_About this task_
Set the whole listing down again, word for word, with no pictures.

_Source data_

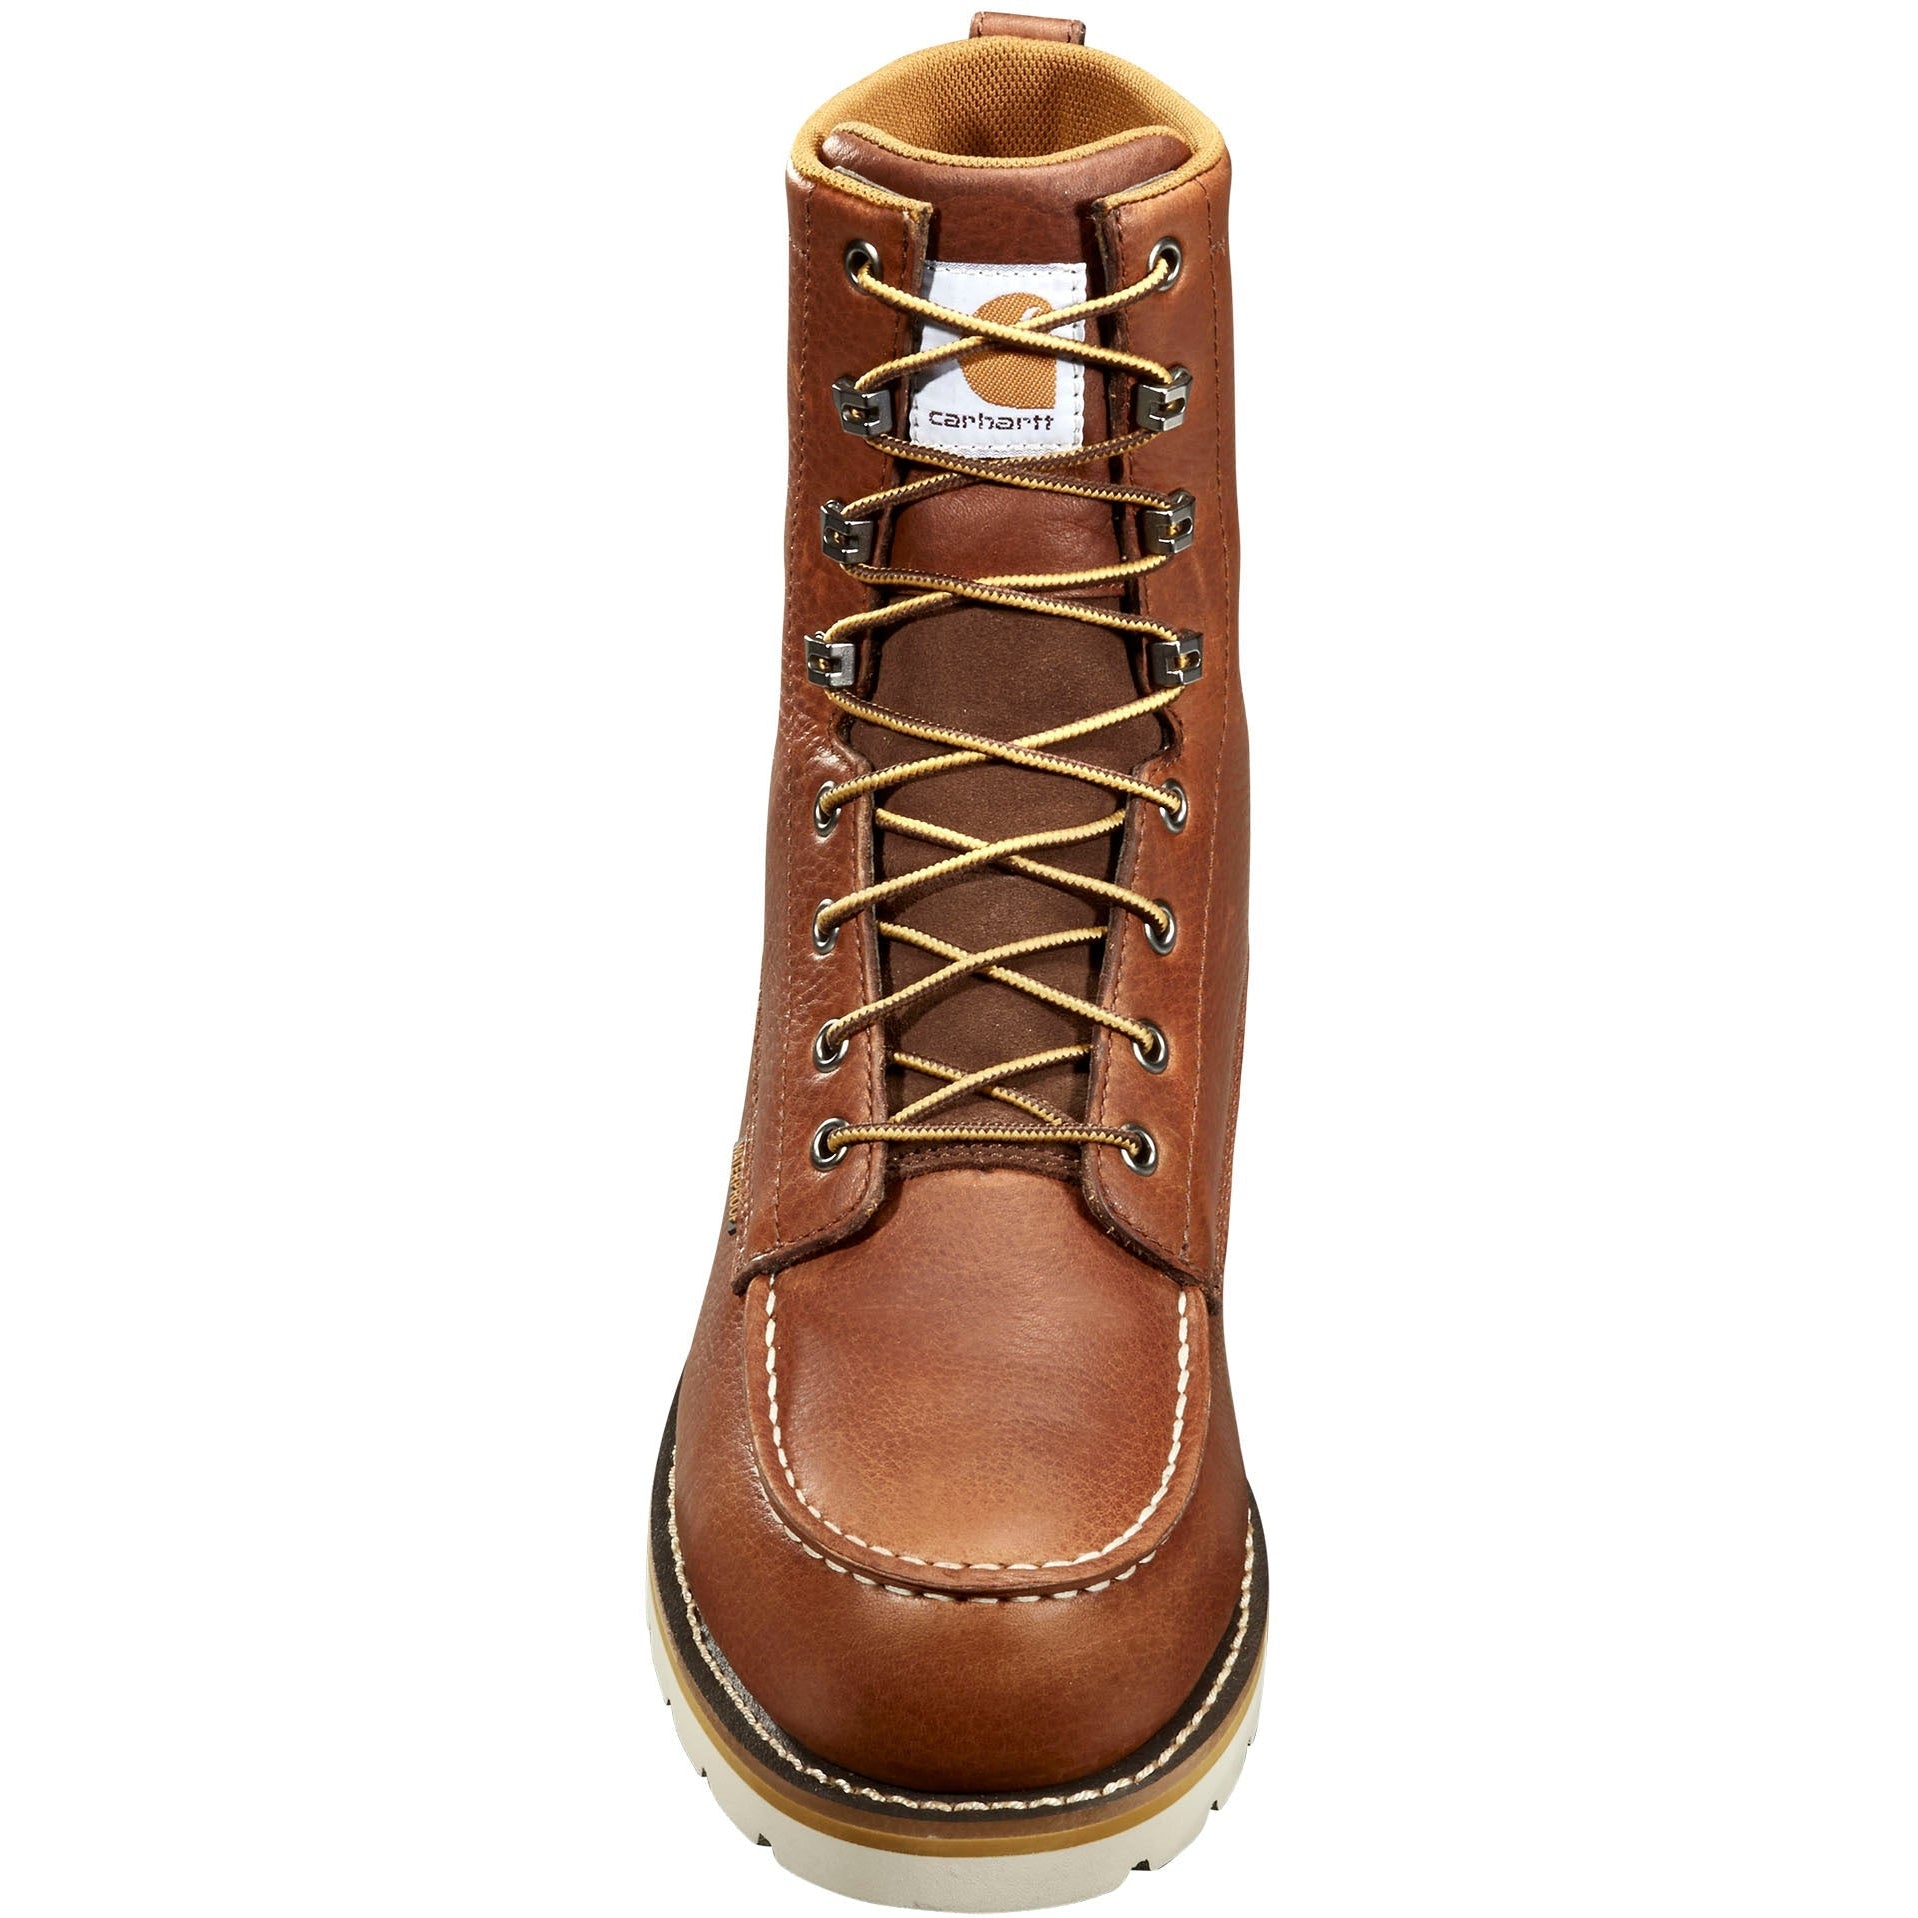 Carhartt Men's 8" Waterproof Steel Toe Wedge Work Boot - Redwood - FW8275-M  - Overlook Boots
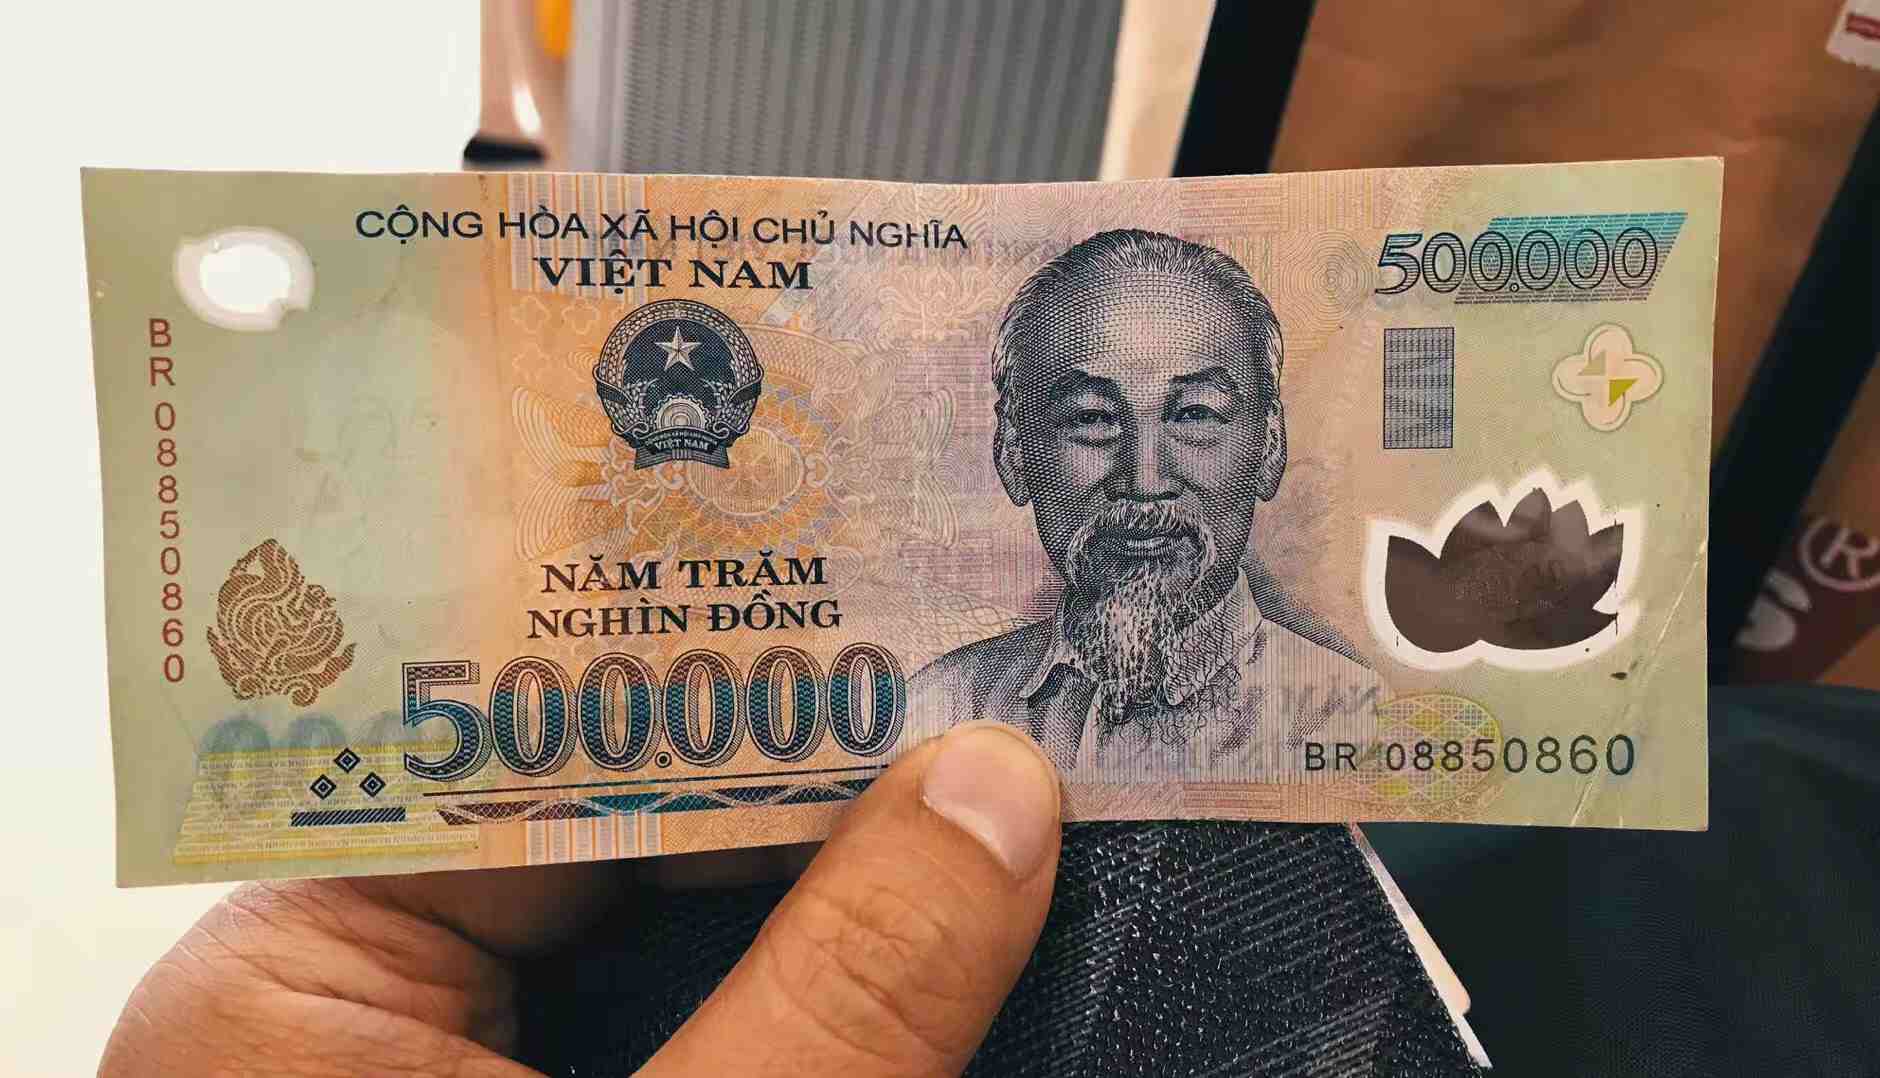 在曼谷机场换了一些越南盾,面额很大,50万越南盾约合150元人民币
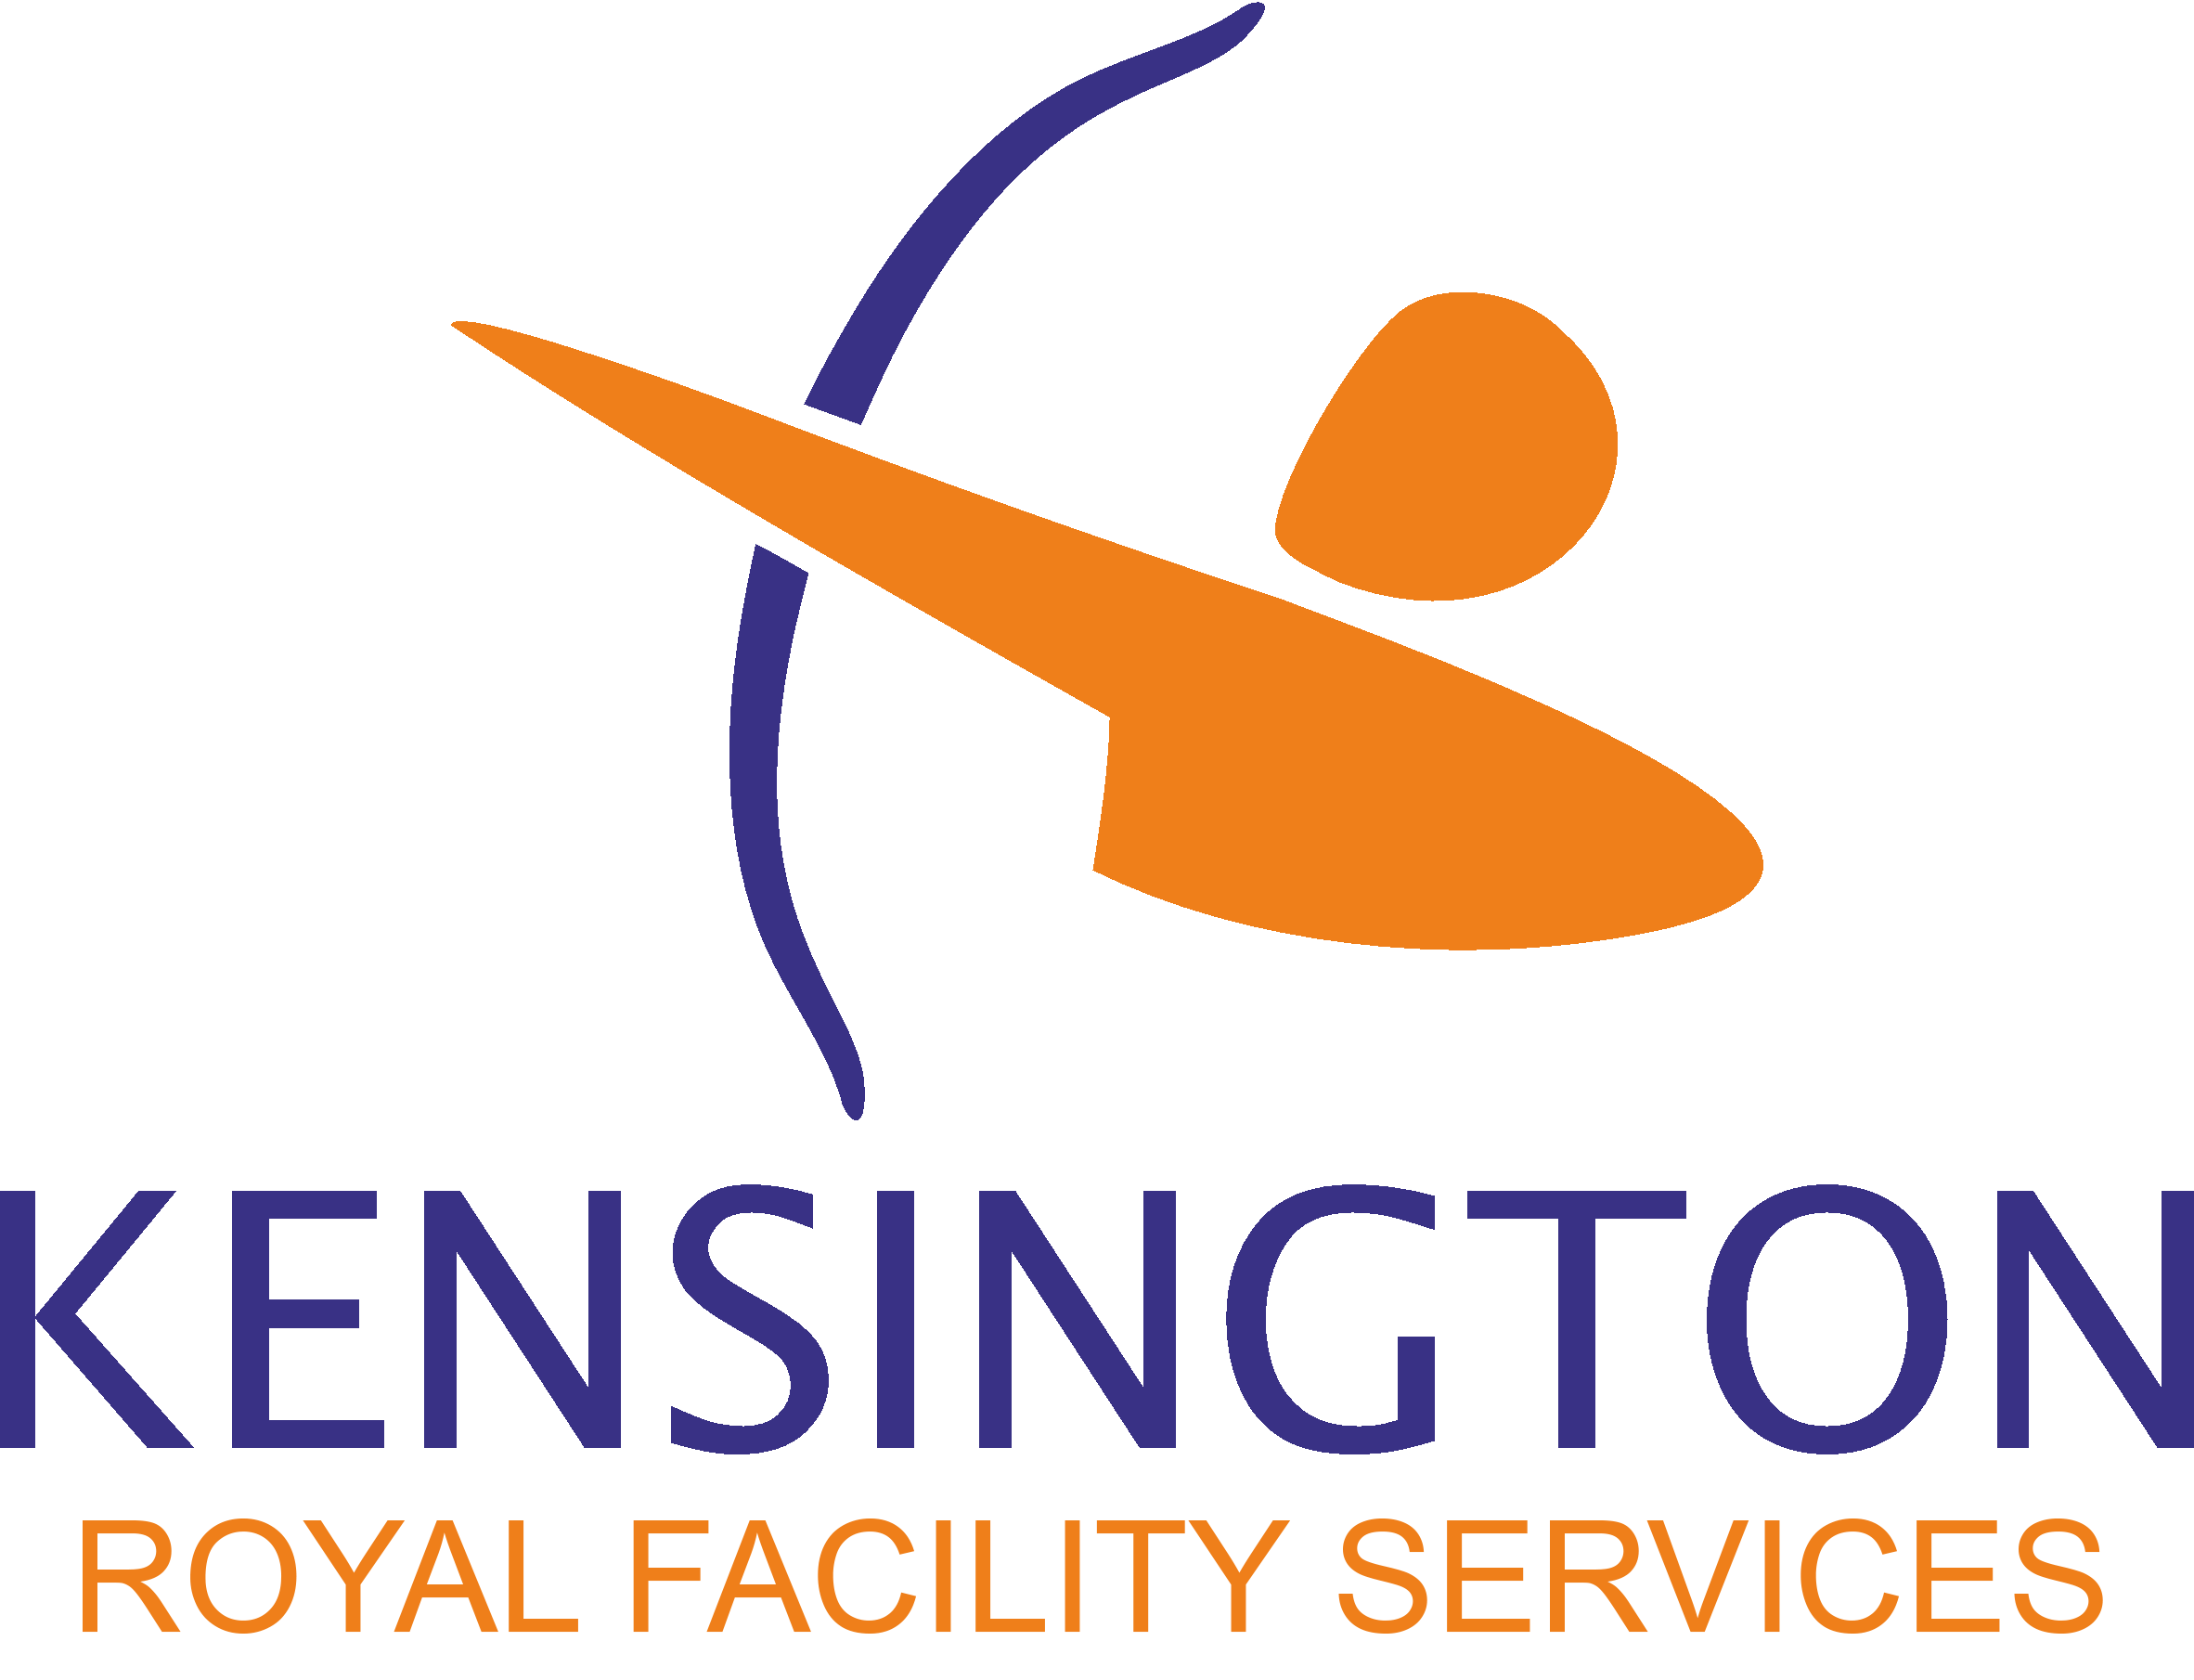 Kensington Royal Facility Services

_Response_
 Carhartt Men's 8" Waterproof Steel Toe Wedge Work Boot - Redwood - FW8275-M  - Overlook Boots
 在曼谷机场换了一些越南盾,面额很大,50万越南盾约合150元人民币
 Kensington Royal Facility Services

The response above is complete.